仕事を指示する側にとって、その指示内容というのは、受ける人のレベルによって異なります。新入社員の頃ですと、一定の手順を覚えていれば出来る仕事を指示して、いわゆる作業量をこなしてくれることを期待します。少し仕事に慣れてきた社員に対しては、事前の調整は指示側で済ませておき、仕事の手順も大まかに決めて、それに基づいた指示をします。そして、指示した手順で解決できない場合は指示側でフォローします。更に、中堅レベルの社員になると、目的をはっきりさせることだけで、大体の仕事をこなしてくれるようになります。

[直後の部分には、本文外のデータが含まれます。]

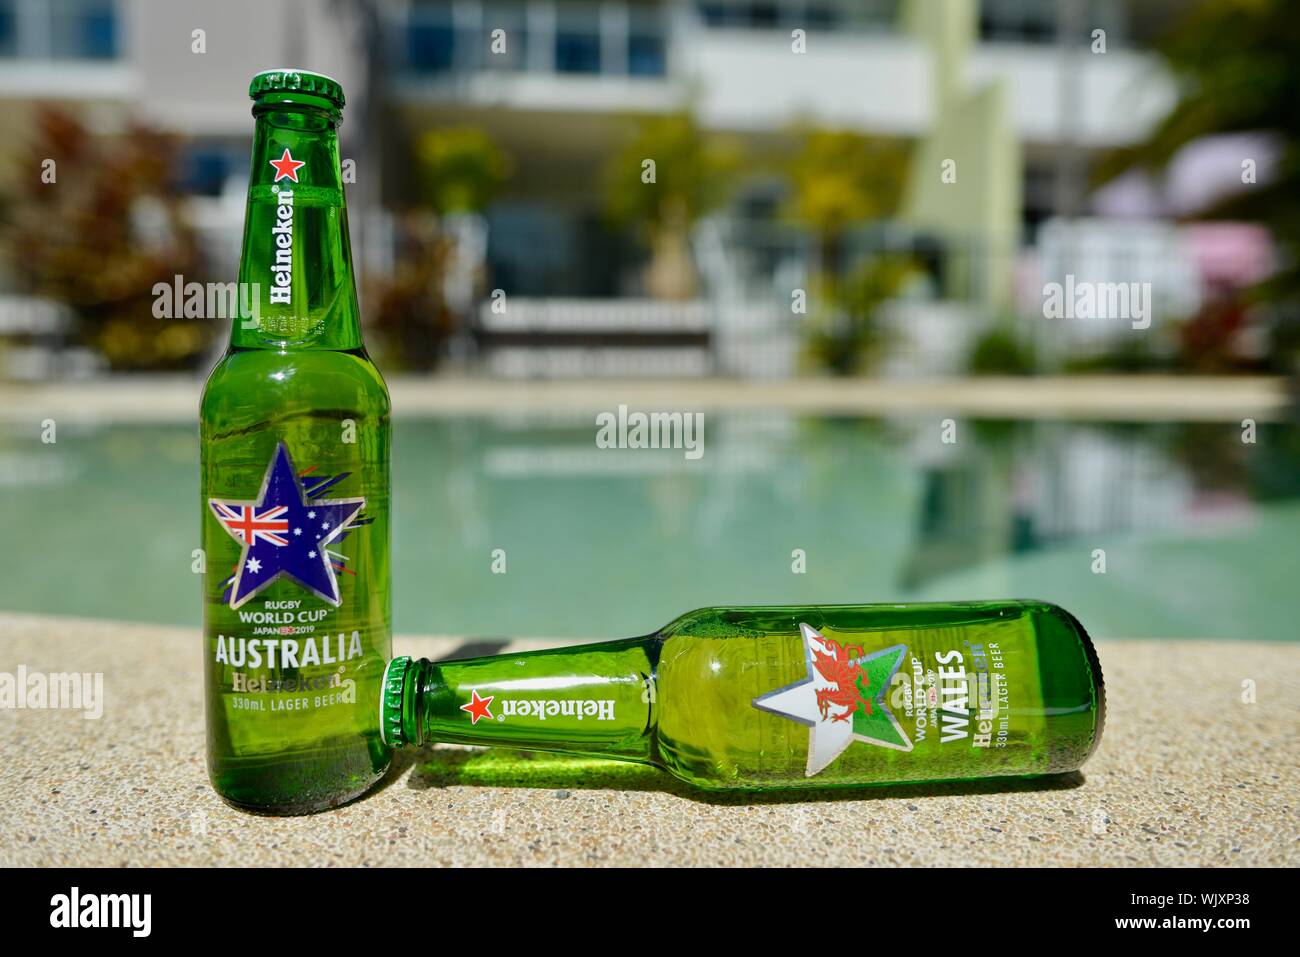 Australia versus Wales, Australia Wins, Heineken 2019 Japan Rugby world cup beer bottles Stock Photo

ここまでなら、指示する側は少なからずある程度の準備が必要になるのですが、指示する方も多忙で手がまわらなかったり、あるいは、指示する側が他部署から異動したばかりでその業務に詳しくない時は、全くの準備無しで指示をせざるを得ない場合があります。そういった際の指示は例えば次のようになります。「先日、新システムを導入したお客様のA社が、ログインのプロセスのみを元に戻したいと言っているらしい」もし、上司からこういう指示を受けた場合、中堅レベル社員以下であれば、新システムのログインプロセスを元に戻したシステムを作成して、上司に渡すことでしょう。ところが、実際はそうではないかもしれません。例えば・・・。

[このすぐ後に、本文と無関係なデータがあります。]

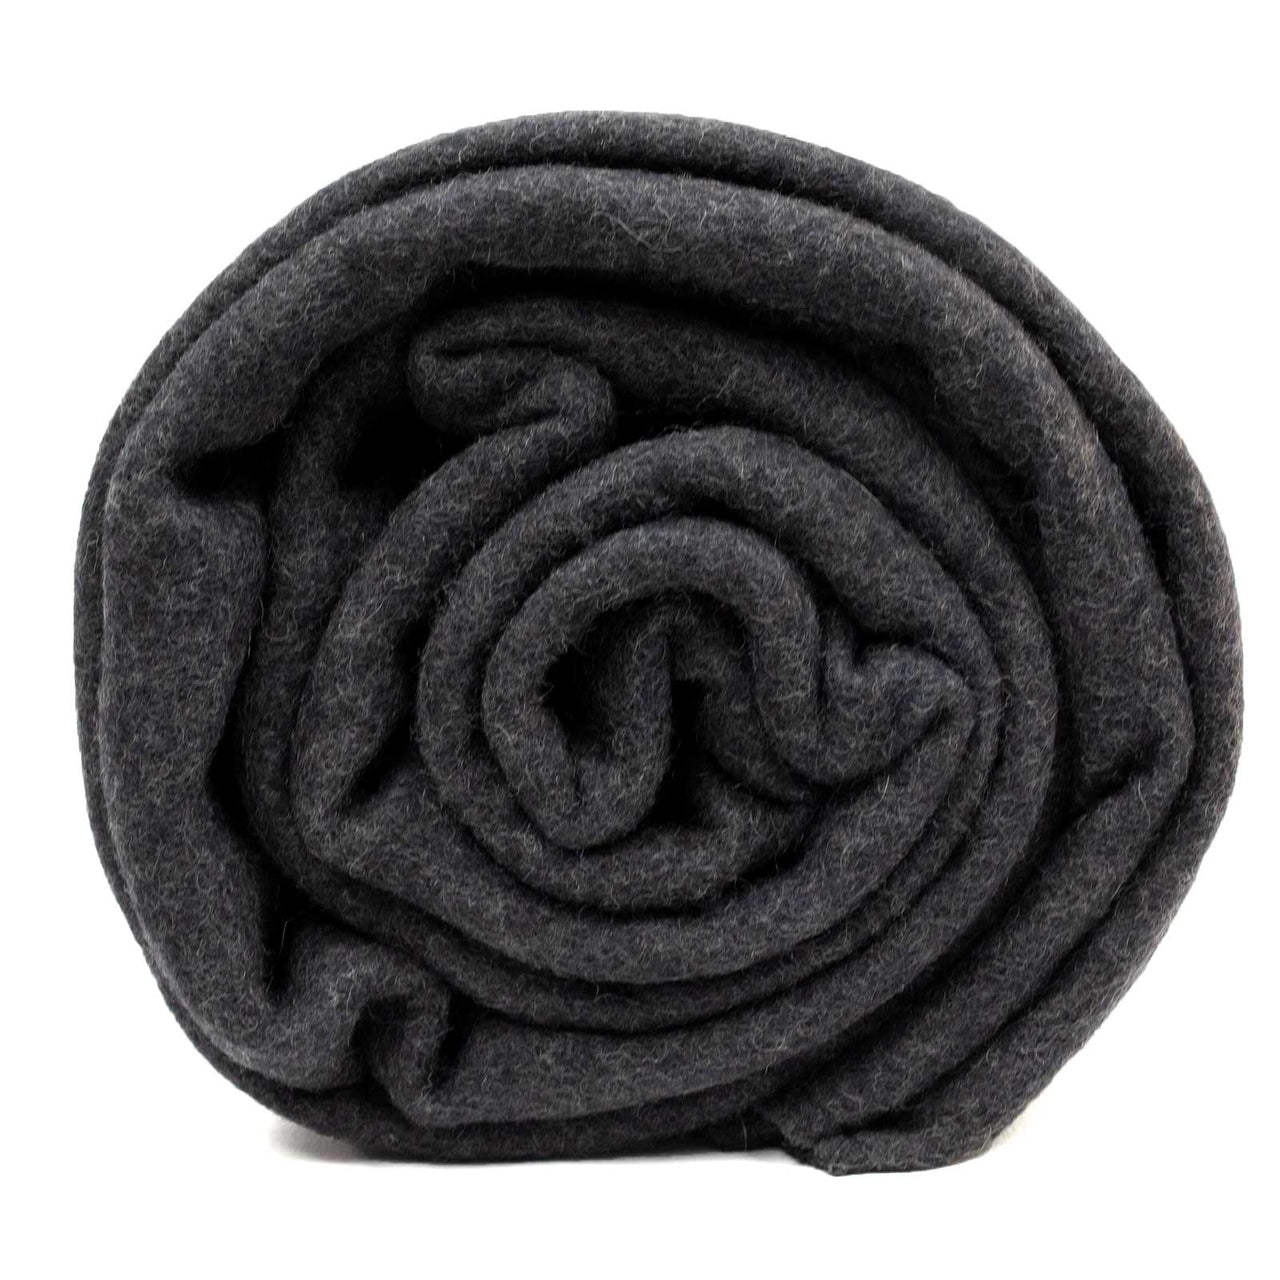 Charcoal Grey Wool Blanket

自社の営業マンが、A社のシステム導入担当者に新システム導入後のフォローに行ったところ、「新システムでは、これまでなかった毎月一回ログイン時にパスワードの変更を要求するようになりました。わが社の社員は、そういうのに慣れていないので少し混乱しているようです。どうしたものでしょうか。」と言われました。それを営業マンが営業部長に報告したところ、営業部長が開発部長であるあなたの上司に「A社が新システムのログインプロセスが気に入っていないようだ」と伝えました。それを聞いた開発部長が、あなたに「A社が、ログインのプロセスのみを元に戻したい」と伝えました。先ほどの話ですね。
ところが、実はA社のシステム導入担当者は、上司から「セキュリティの観点から定期的なパスワードの変更は必須である。これは変えない。でも、社員は面倒くさがって文句を言っている。どうしよう?例えば、パスワードを変更しないことで問題になった例などを社員に示したら良いかな?」と言われていました。そして、そういった例というのは、あなたの会社の営業パンフレットに記載されているので、それをA社の社員に配布すれば済んだかもしれません。

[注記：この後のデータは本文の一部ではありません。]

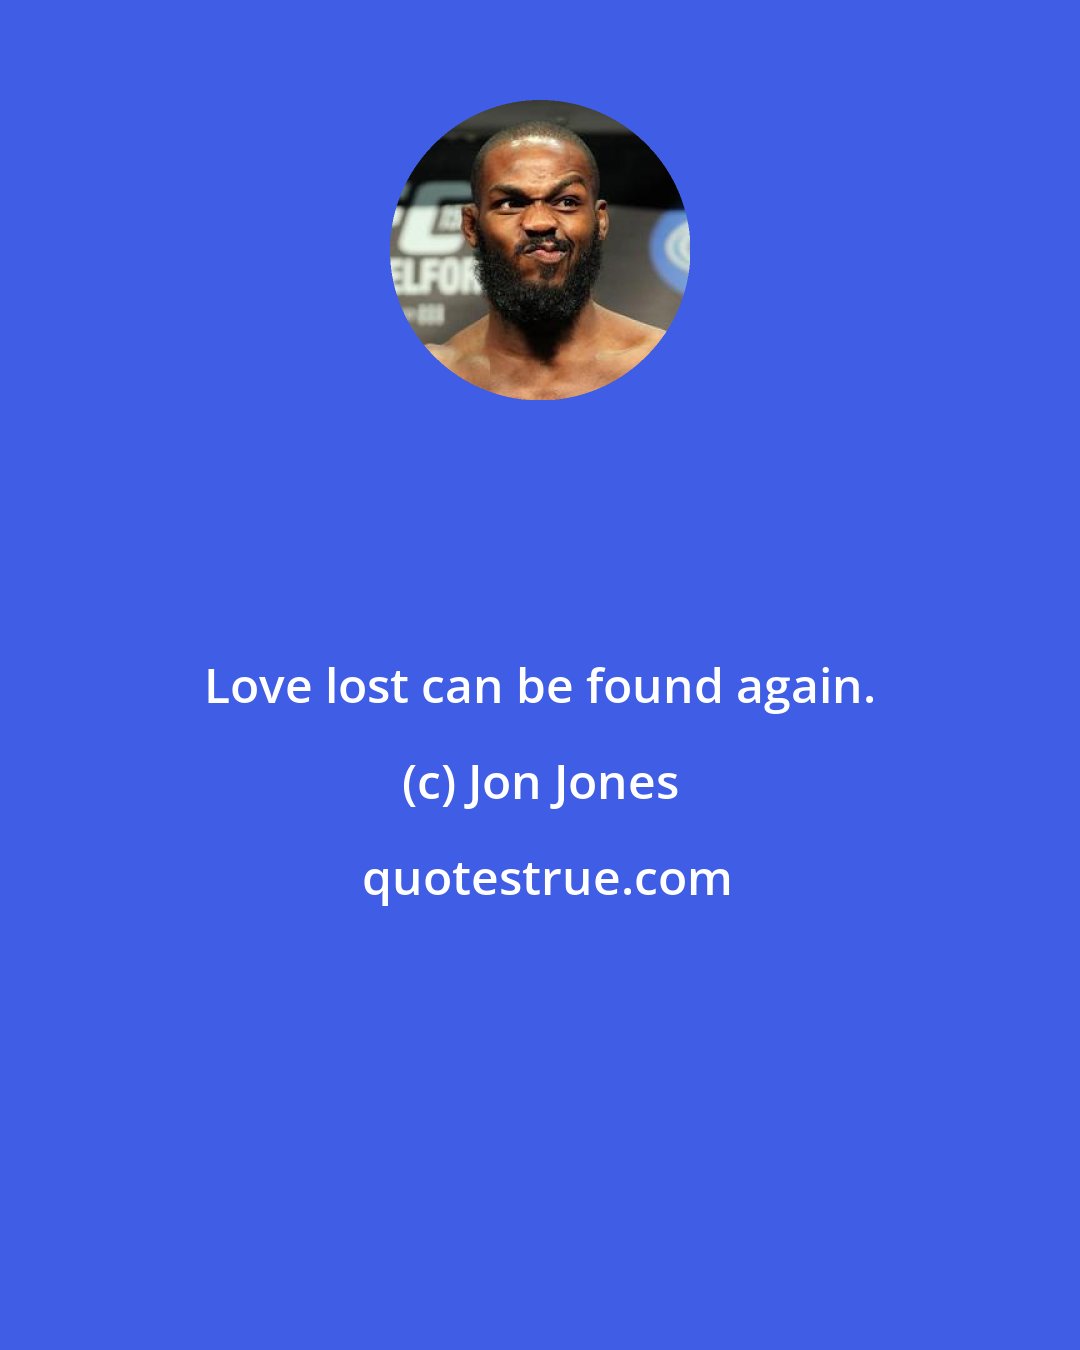 Jon Jones: Love lost can be found again.

つまり、仕事の指示や目的が不明な場合は、まずそれをはっきりさせることが重要です。それを明確にするには、その問題が発生しているところまで遡らないとならないことがほとんどです。仕事に慣れた上司だと、あなたが知らない間にそういったことは全て明確にしてくれています。でも、そうでない場合は、あなた自らが仕事の目的を明確にしていかねばなりません。ここまで出来るようになると、あなたは、どのような仕事の指示でも受けられるようになるでしょう。